Today I have done Minimum ASCII Delete Sum for Two Strings on leetcode and leetcode's December LeetCoding Challenge with cpp.

Minimum ASCII Delete Sum for Two Strings

Description

Given two strings s1, s2, find the lowest ASCII sum of deleted characters to make two strings equal.

Example 1:

Input: s1 = "sea", s2 = "eat"
Output: 231
Explanation: Deleting "s" from "sea" adds the ASCII value of "s" (115) to the sum.
Deleting "t" from "eat" adds 116 to the sum.
At the end, both strings are equal, and 115 + 116 = 231 is the minimum sum possible to achieve this.

Example 2:

Input: s1 = "delete", s2 = "leet"
Output: 403
Explanation: Deleting "dee" from "delete" to turn the string into "let",
adds 100[d]+101[e]+101[e] to the sum.  Deleting "e" from "leet" adds 101[e] to the sum.
At the end, both strings are equal to "let", and the answer is 100+101+101+101 = 403.
If instead we turned both strings into "lee" or "eet", we would get answers of 433 or 417, which are higher.

Note:

0 < s1.length, s2.length <= 1000.

All elements of each string will have an ASCII value in [97, 122].

Solution

LCS

class Solution {
public:
    int minimumDeleteSum(string s1, string s2) {
        int lenS1 = s1.size();
        int lenS2 = s2.size();
        vector<vector<int>> dp(lenS1+1, vector<int>(lenS2+1));
        for(int i = 1; i <= lenS1; ++i) {
            for(int j = 1; j <= lenS2; ++j) {
                dp[i][j] = max(dp[i][j-1], dp[i-1][j]);
                if(s1[i-1] == s2[j-1]) {
                    dp[i][j] = max(dp[i][j], dp[i-1][j-1]+s1[i-1]);
                }
            }
        }
        int sum = 0;
        for(auto c : s1) sum += c;
        for(auto c : s2) sum += c;
        return sum - 2*dp[lenS1][lenS2];
    }
};

December LeetCoding Challenge 14

Description

Palindrome Partitioning

Given a string s, partition s such that every substring of the partition is a palindrome. Return all possible palindrome partitioning of s.
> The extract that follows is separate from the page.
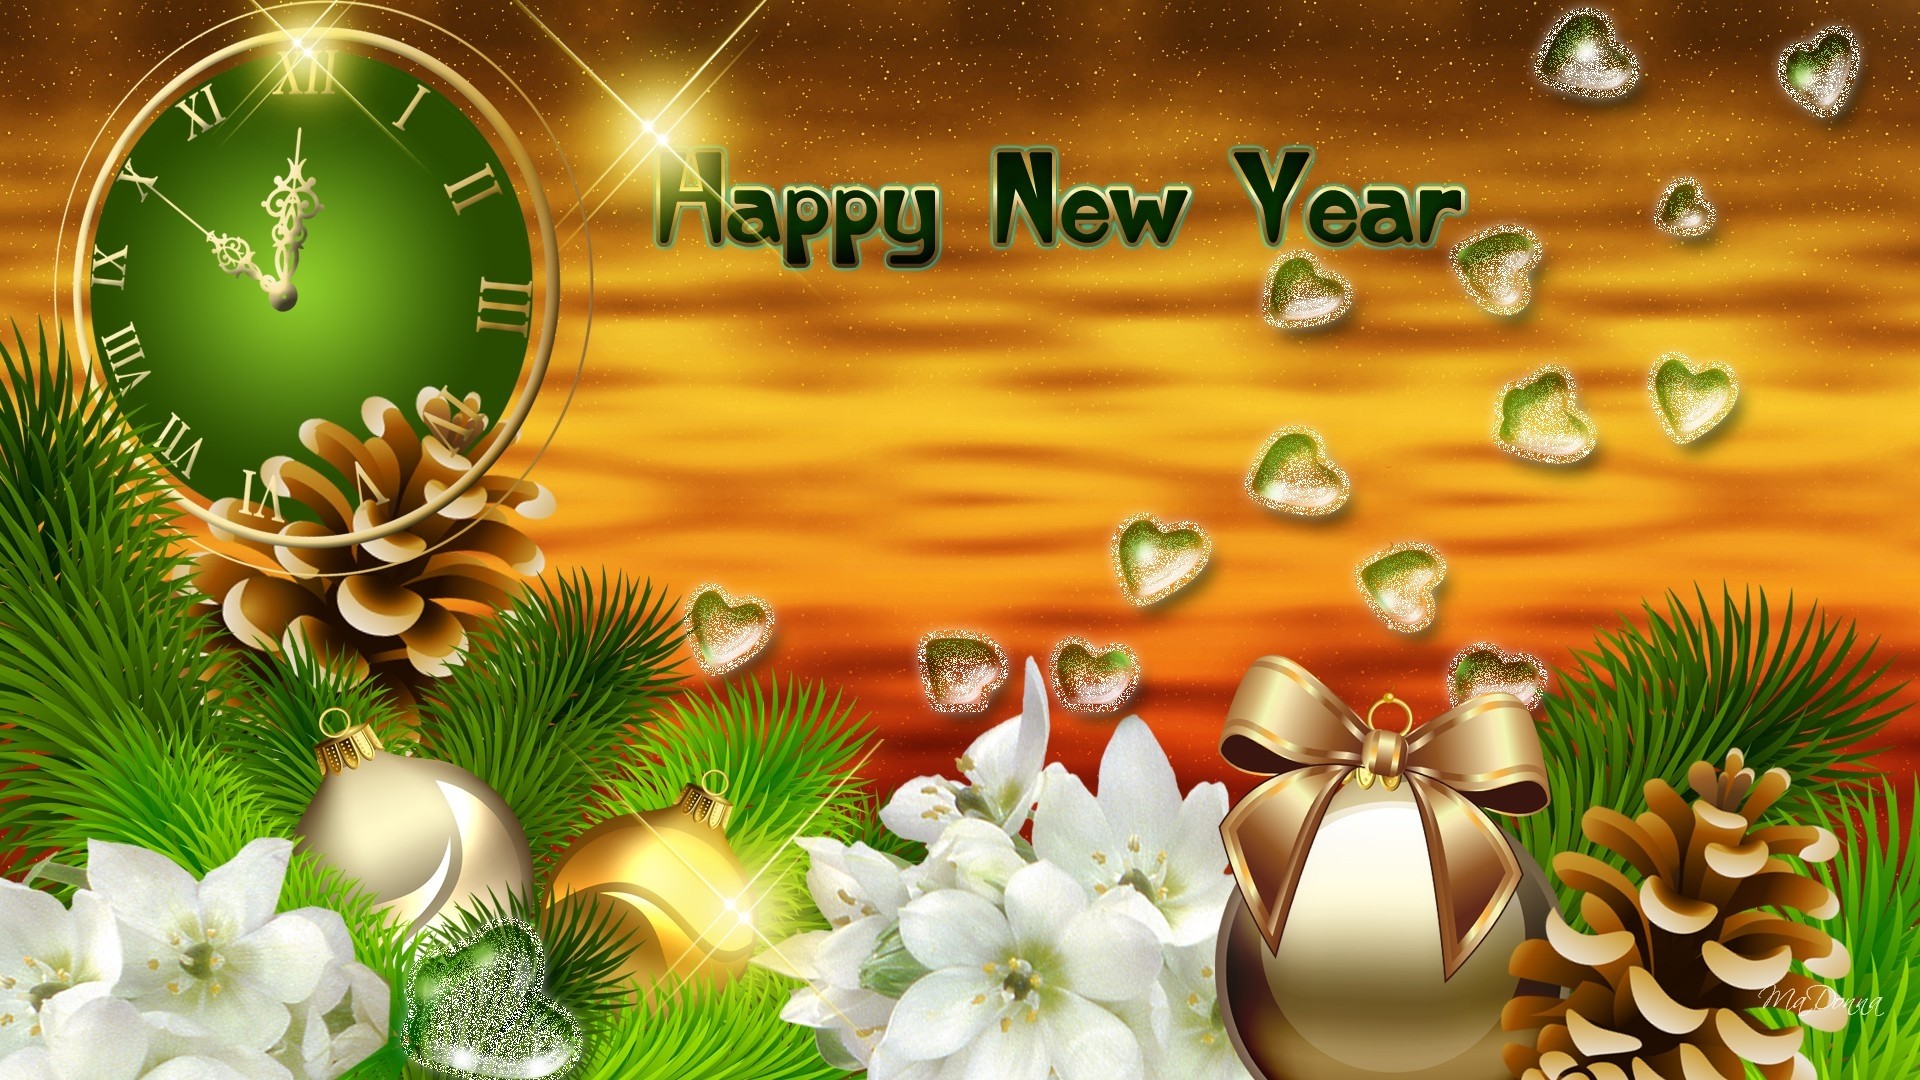 1920x1080 Happy New Year 2014 HD Wallpaper - New Year Widescreen HD .

A palindrome string is a string that reads the same backward as forward.

Example 1:

Input: s = "aab"
Output: [["a","a","b"],["aa","b"]]

Example 2:

Input: s = "a"
Output: [["a"]]

Constraints:

• 1 <= s.length <= 16
• s contains only lowercase English letters.

Solution

dfs

class Solution {
    string s;
    int len;
    
    bool isPalindrome(int begin, int end) {
        while(begin <= end) {
            if(s[begin] != s[end]) return false;
            ++begin;
            --end;
        }
        return true;
    }
    
    void dfs(vector<vector<string>> &result, vector<string> &current, int index) {
        if(index == len) result.push_back(current);
        for(int i = 0; index+i < len; ++i) {
            if(isPalindrome(index, index+i)) {
                current.push_back(s.substr(index, i+1));
                dfs(result, current, index+i+1);
                current.pop_back();
            }
        }
    }
    
public:
    vector<vector<string>> partition(string s) {
        this->s = s;
        len = s.length();
        vector<vector<string>> answer;
        vector<string> tmp;
        dfs(answer, tmp, 0);
        return answer;
    }
};